If it works on other arches and the arm64 PCI enumeration works, my
first guess would be an INTx issue, e.g., maybe the driver is waiting
for an interrupt that never arrives.

> We are trying to test it on ARM64 with
> (drivers/pci/host/pcie-xilinx-nwl.c) as root port.
> 
> EP is getting enumerated and able to link up. 
> 
> But when we start scan system gets hanged.

When you say the system hangs when you start a scan, I assume you mean
a wifi scan, not the PCI enumeration.  A problem with a wifi scan
might cause a *process* to hang, but it shouldn't hang the entire
system.

> When we took trace we see that after we start scan assert message is
> sent but there is no de assert from end point.
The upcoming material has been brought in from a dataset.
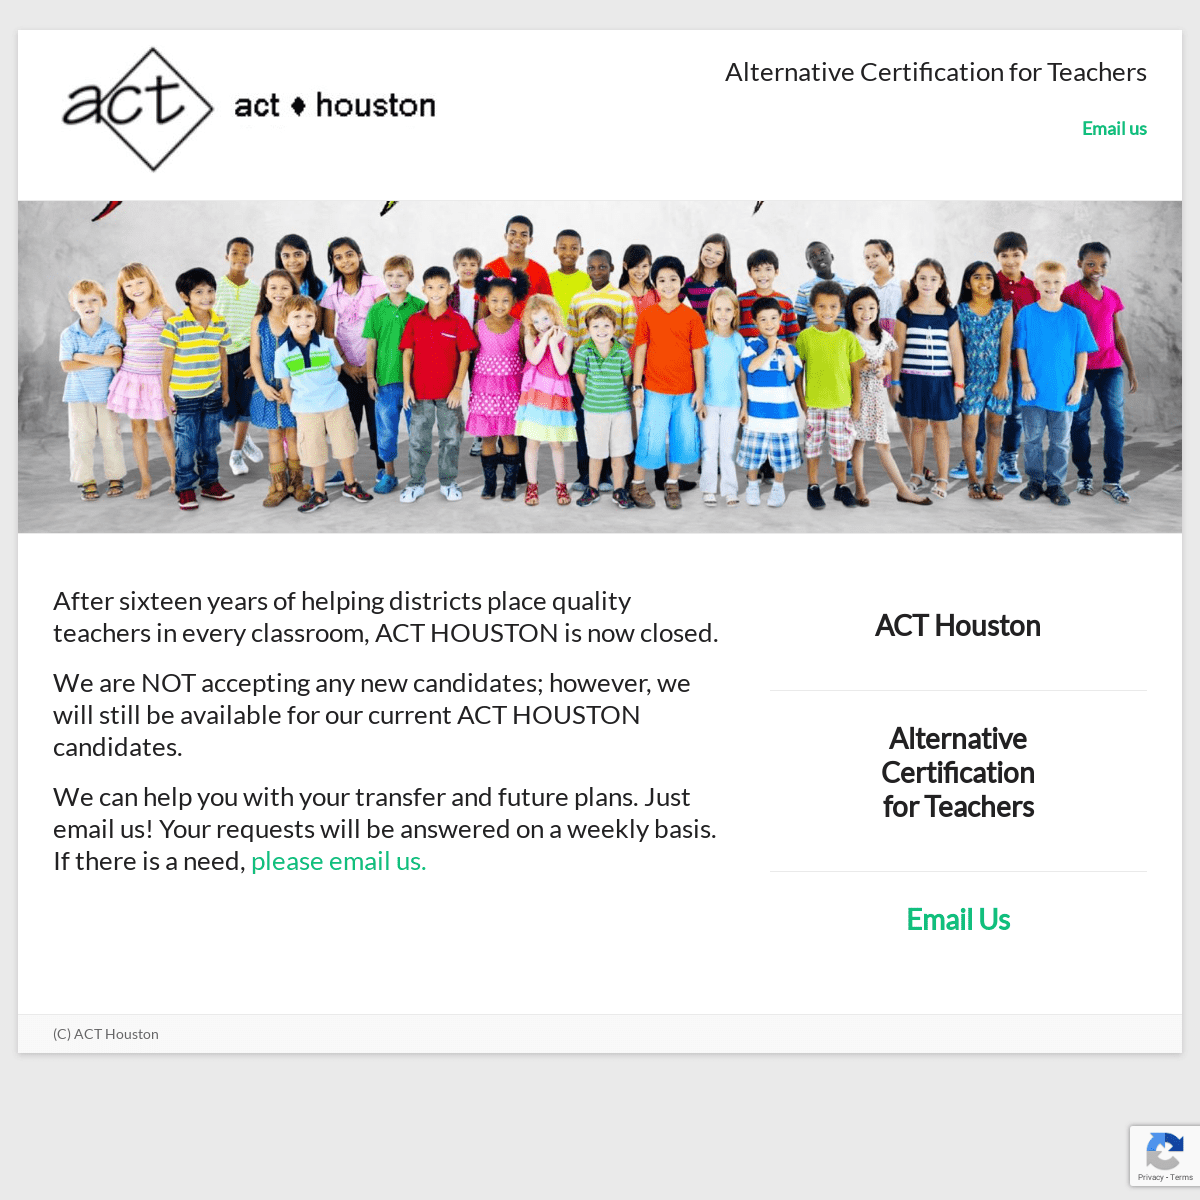 A complete backup of acthouston.com

Are you talking about a trace from a PCIe analyzer?  Do you see an
Assert_INTx PCIe message on the link?

> What might cause end point not sending de assert ?
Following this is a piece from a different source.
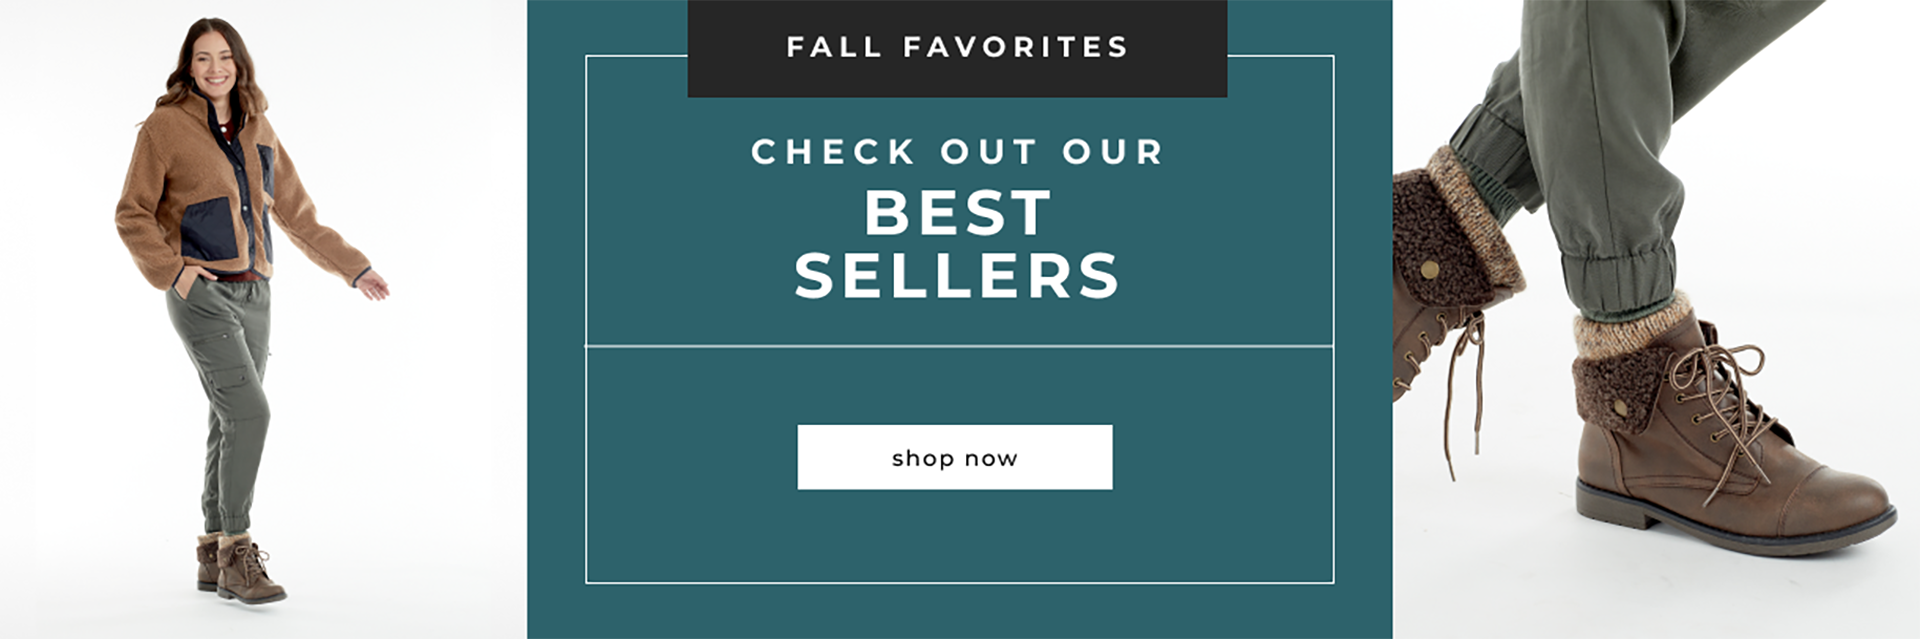 Fall Favorites | Check Out Our Best Sellers | Shop Now

If the endpoint doesn't send a Deassert_INTx message, I expect that
would mean the driver didn't service the interrupt and remove the
condition that caused the device to assert the interrupt in the first
place.

If the driver didn't receive the interrupt, it couldn't service it, of
course.  You could add a printk in the ath9k interrupt service
routine to see if you ever get there.

> We are not seeing any issues on 32-bit ARM platform and X86
> platform. 

Can you collect a dmesg log (or, if the system hang means you can't
collect that, a console log with "ignore_loglevel"), and "lspci -vv"
output as root?  That should have clues about whether the INTx got
routed correctly.  /proc/interrupts should also show whether we're
receiving interrupts from the device.